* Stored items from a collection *
_ _ _ _ _
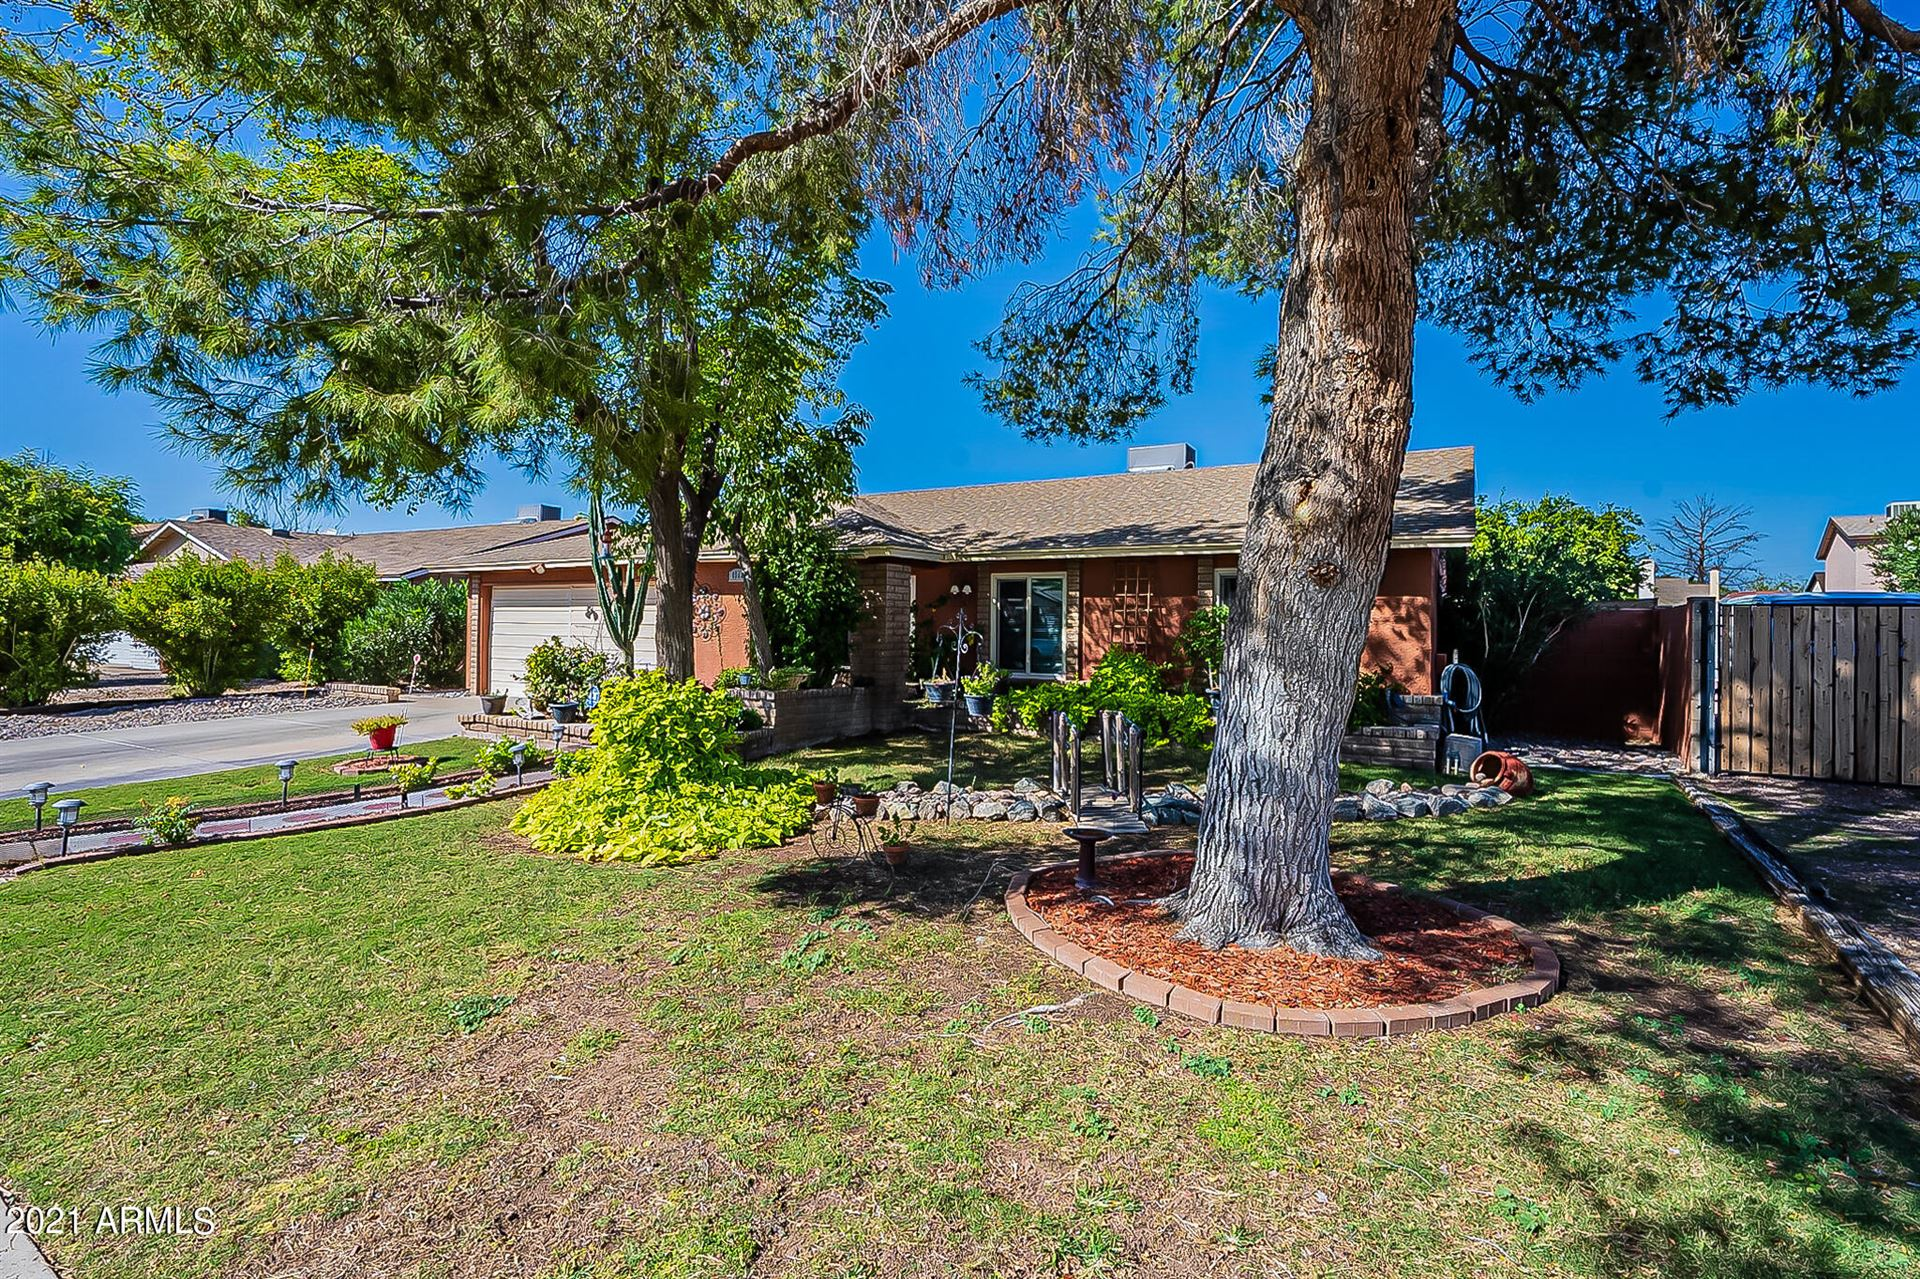 Photo of 1608 W CHILTON Street, Chandler, AZ 85224 (MLS # 6307205)
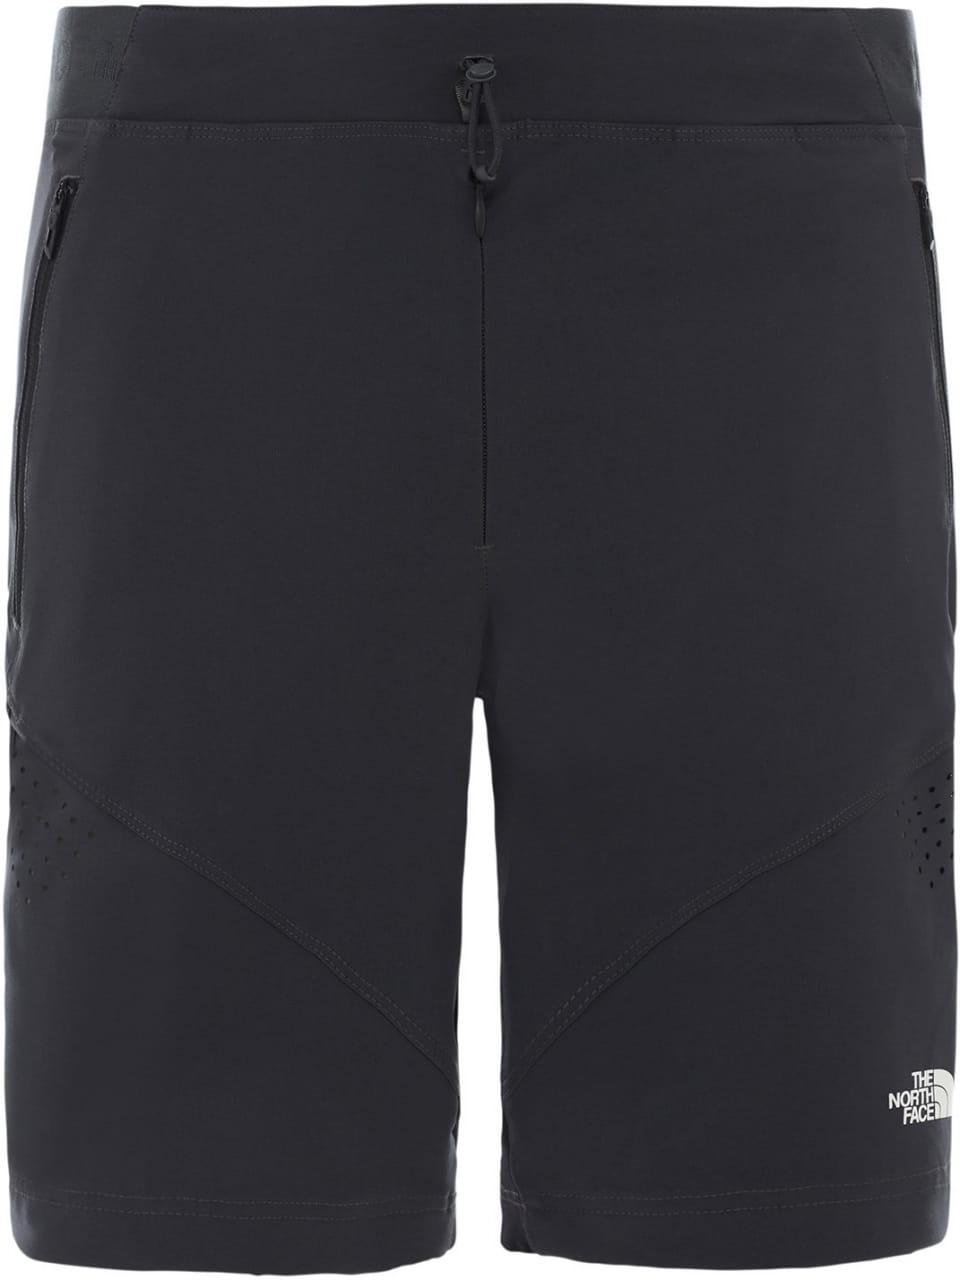 Shorts The North Face Men's Impendor Alpine Shorts
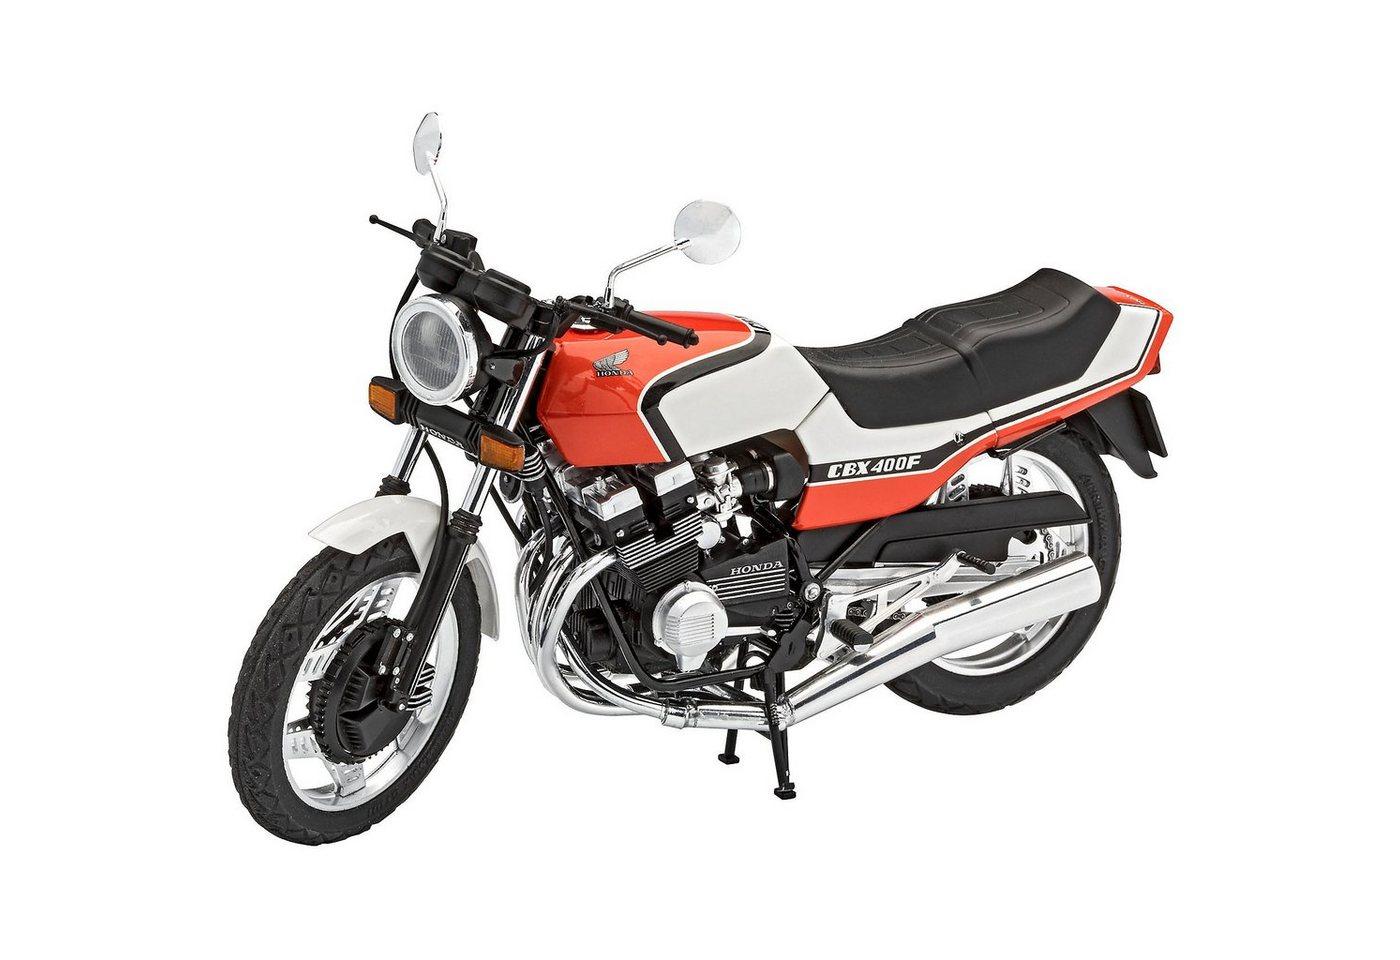 Revell® Modellbausatz Honda CBX 400 F
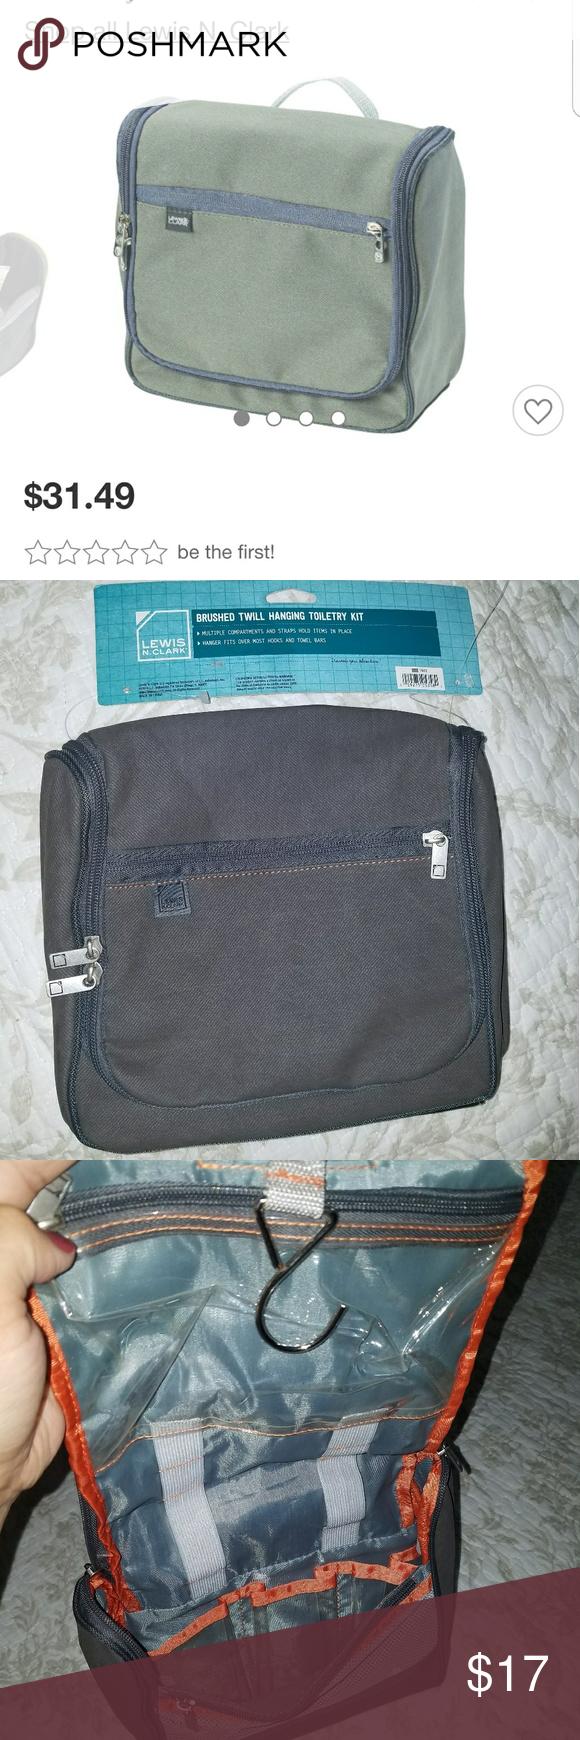 c410d768812 travel bag to hanging toiletry kit NWT en 2018   My Posh Closet   Pinterest    Travel Bag, Bags y Fashion tips
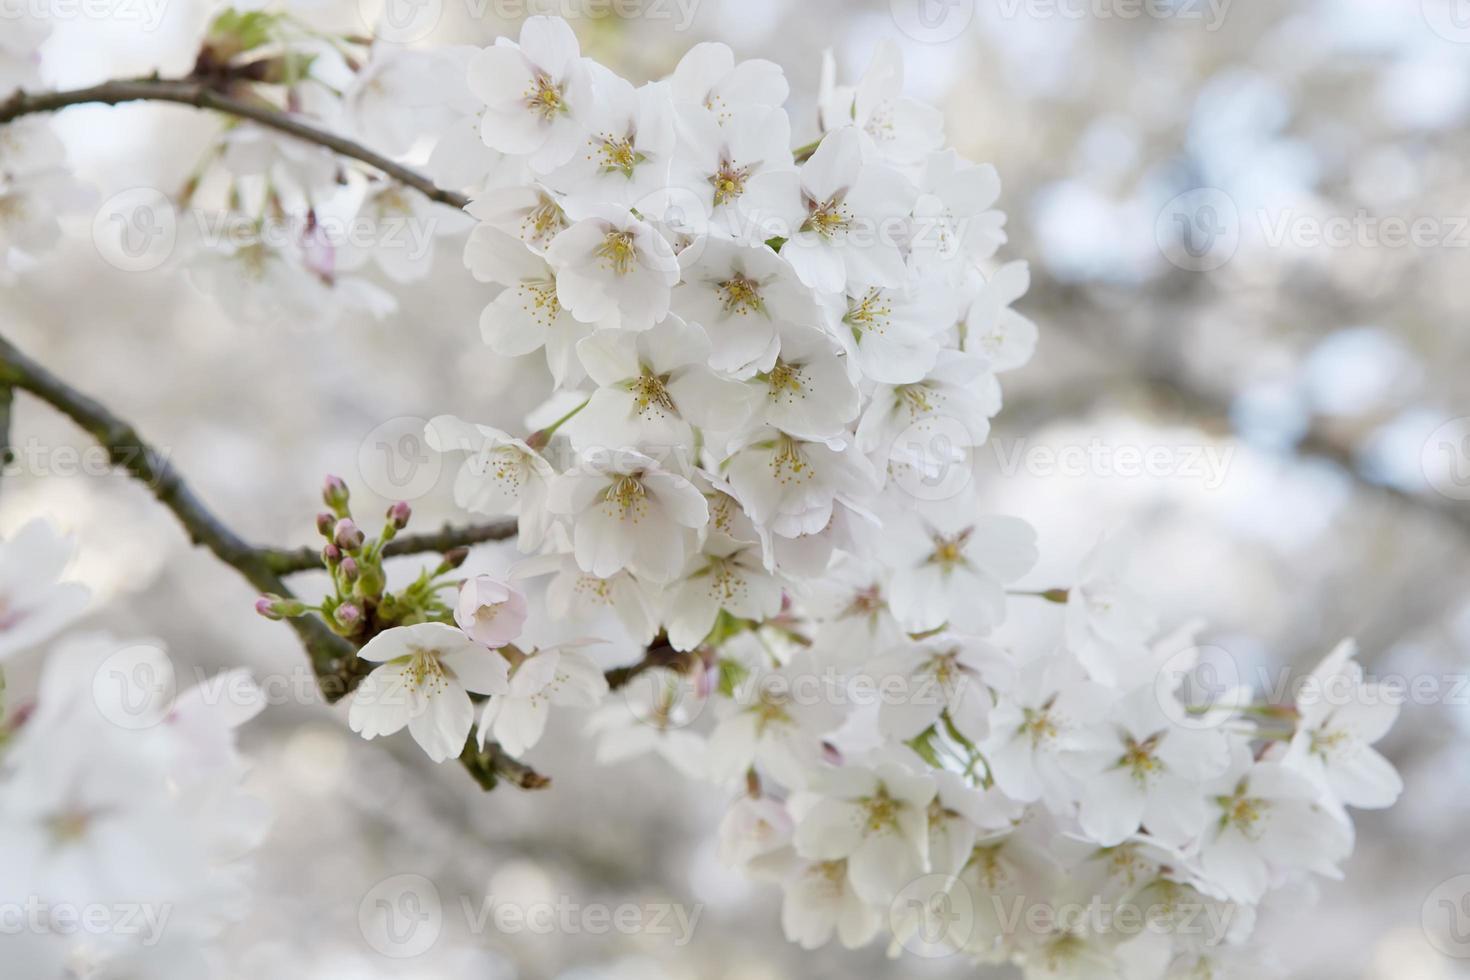 roze kersenbloesem (prunus serrulata) tegen blauwe hemel foto
_ _ _ _ _
* REQUIRED WORK *
No pictures belong in the copy. Retype exactly, and only, the lines from the line containing "Revell® Modellbausatz Honda CBX 400 F" through the last line of the data, both included.

* RESPONSE AREA *
 Revell® Modellbausatz Honda CBX 400 F
 c410d768812 travel bag to hanging toiletry kit NWT en 2018   My Posh Closet   Pinterest    Travel Bag, Bags y Fashion tips
 roze kersenbloesem (prunus serrulata) tegen blauwe hemel foto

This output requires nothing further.